Born in Zhongshan, Guangdong Province, Ye Weilian (Yeh Wei-lien), also known as Wai-lim Yip, moved to Hong Kong at the age of twelve. He received a B.A. from National Taiwan University, an M.F.A. from University of Iowa, and a Ph.D. in comparative literature from Princeton University. For many years he has been professor in the Department of Literature, University of California, San Diego.

Ye started writing poetry and was active on the Hong Kong poetry scene in the 1950s. While a college student in Taiwan, he was closely associated with the Epoch Poetry Society. He developed his poetic theory, which relates modernist poetry to Taoist aesthetics, in the 1960s and ’70s; it was highly influential in Taiwan. Ye is also a prolific literary scholar and translator of classical and modern Chinese poetry.

FUGUE

I

North wind, am I to bear this one more year?

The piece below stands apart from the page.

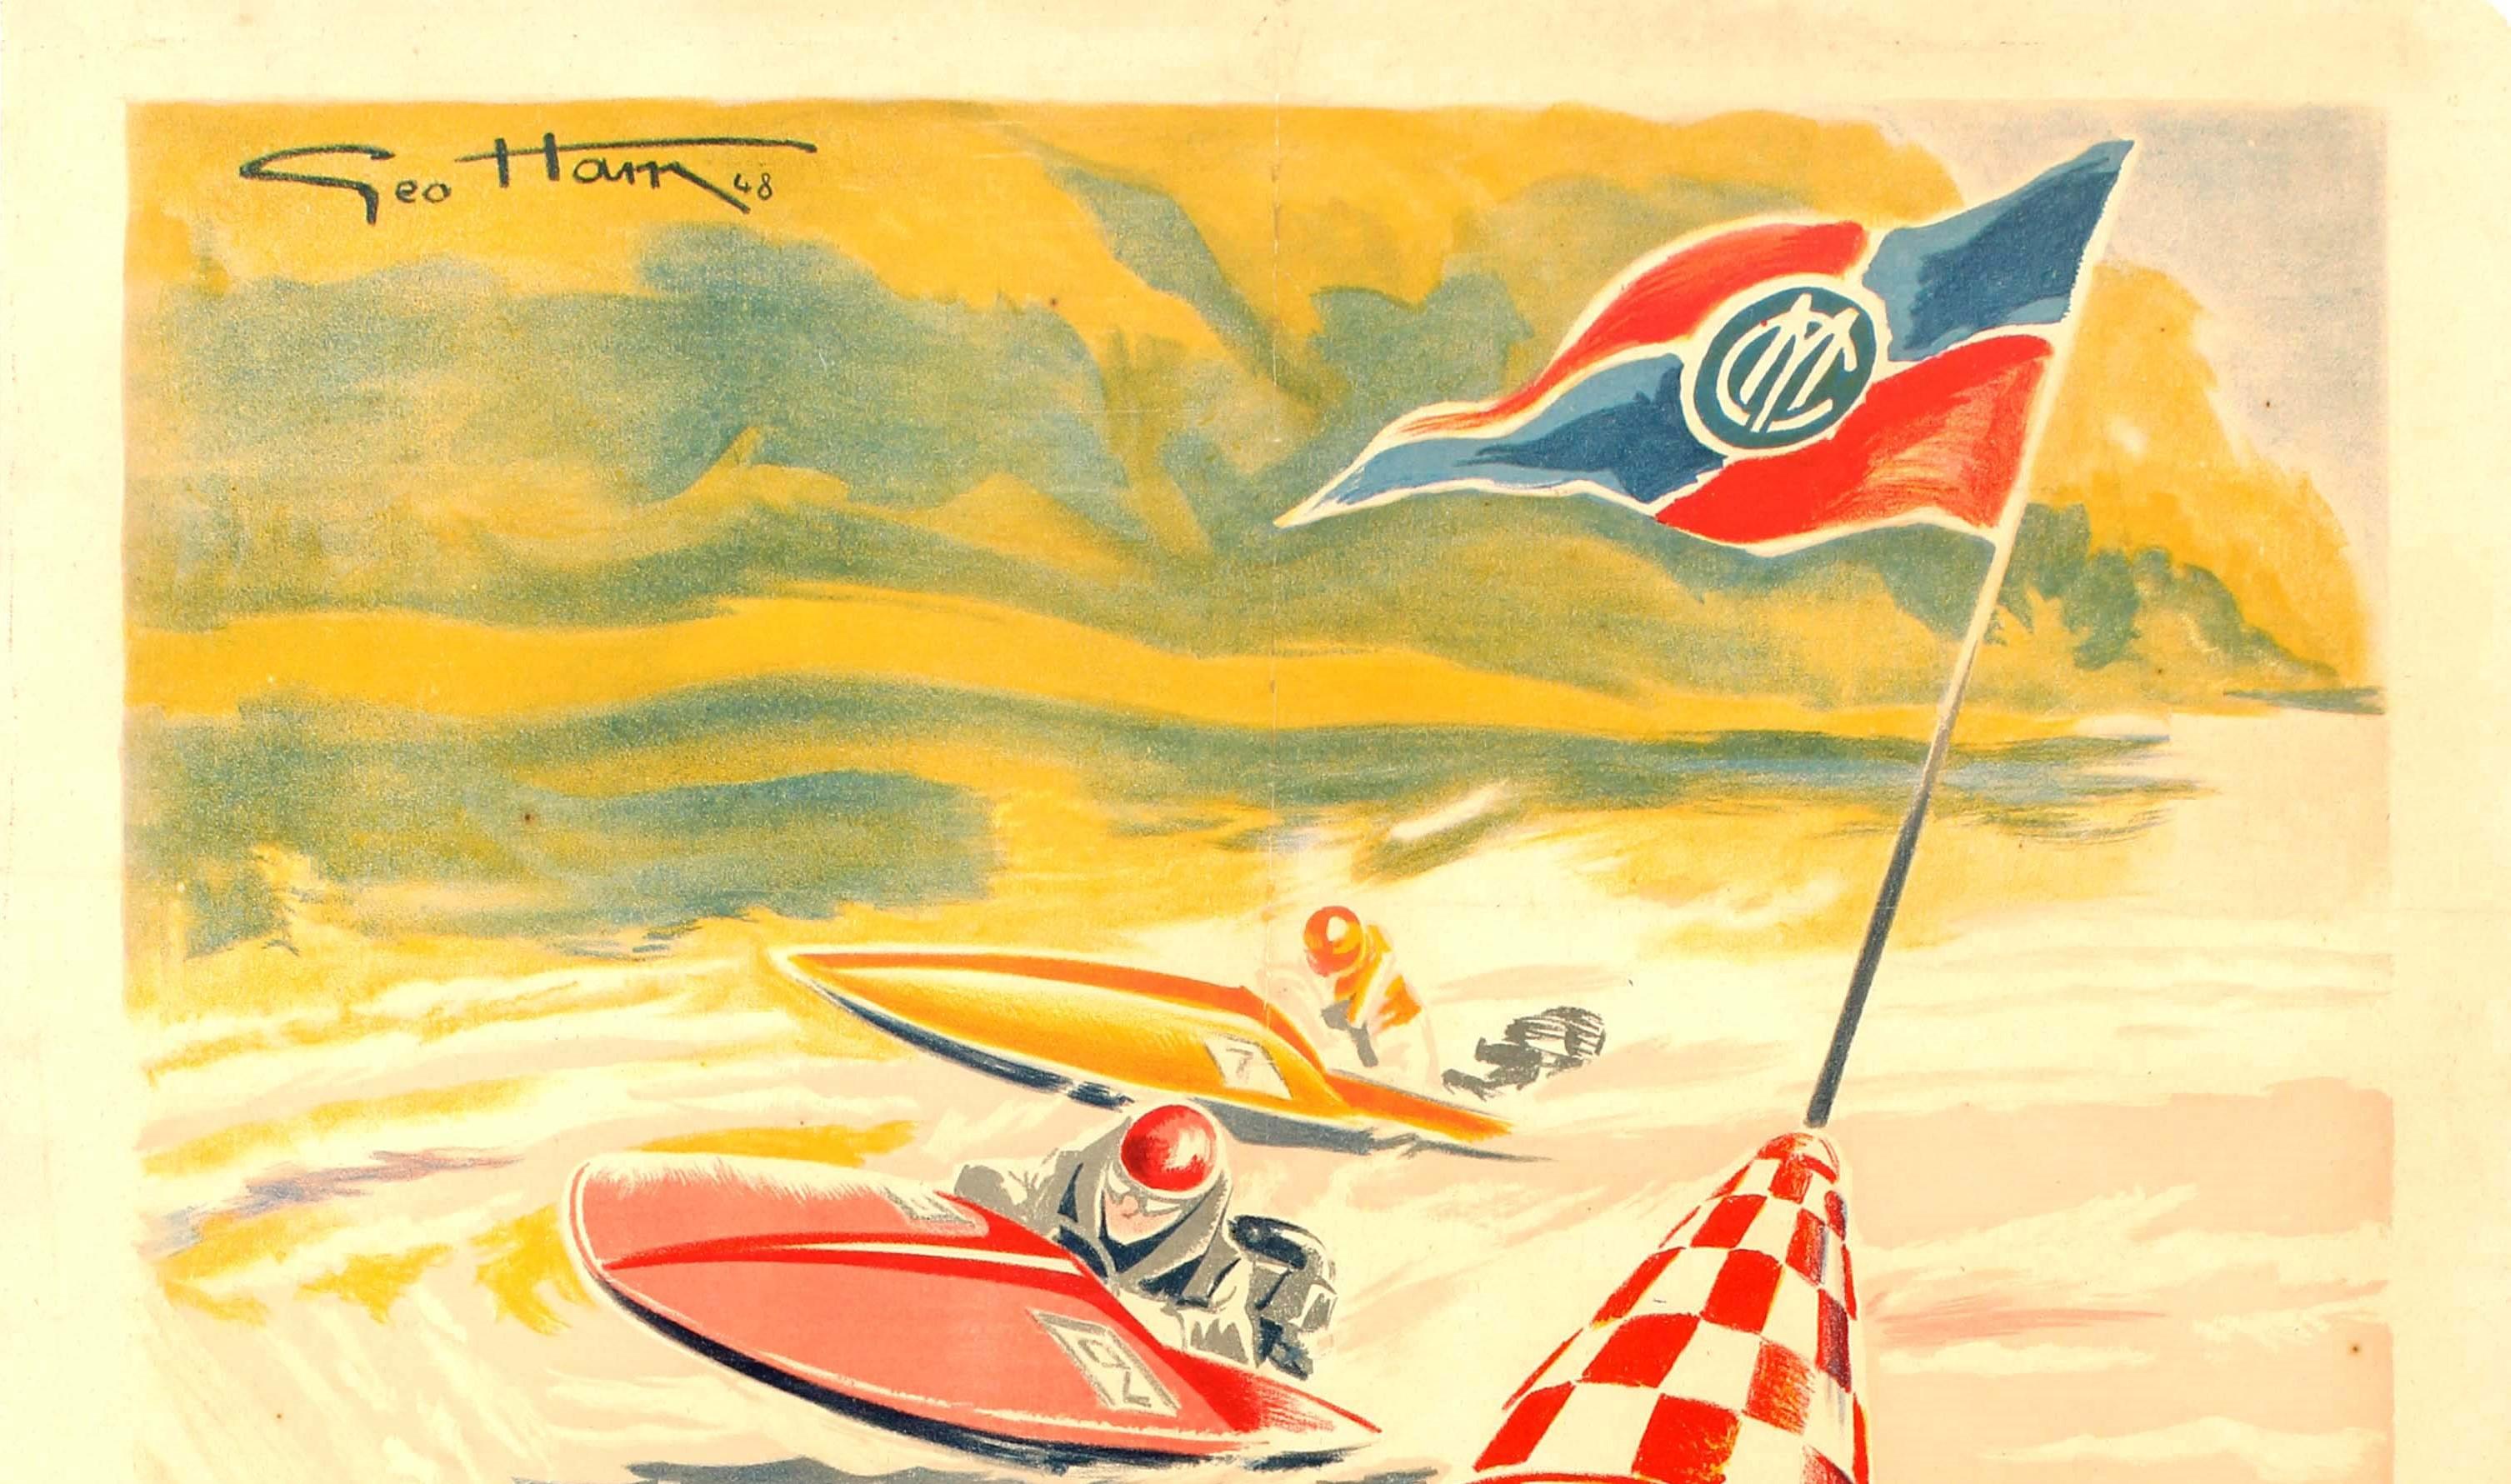 Original vintage water sport poster for the Grand Meeting International Motonautique held on 12 and 13 June 1948 at the Bassin Du Trocadero featuring a dynamic illustration by Geo Ham (Georges Hamel; 1900-1972) of speed boats racing around a

Streets shiver along the walls

Romances, cold sorrows, from the frontiers

Disclose to me these:

Patience of mountains Erratic breath of outlands

Chronic neighing of Tartar horses

Bonfires in war and farming in spring

Plants that transcend all knowledge

Immaculate snowfalls Grand cathedrals and palaces

All plunge into the scandals of gods

In our youthful days

The song goes:

The moon will rise

The sun will sink

Quick, quick, do not get lost in the sun

Have you forgotten the oracle of the dragon?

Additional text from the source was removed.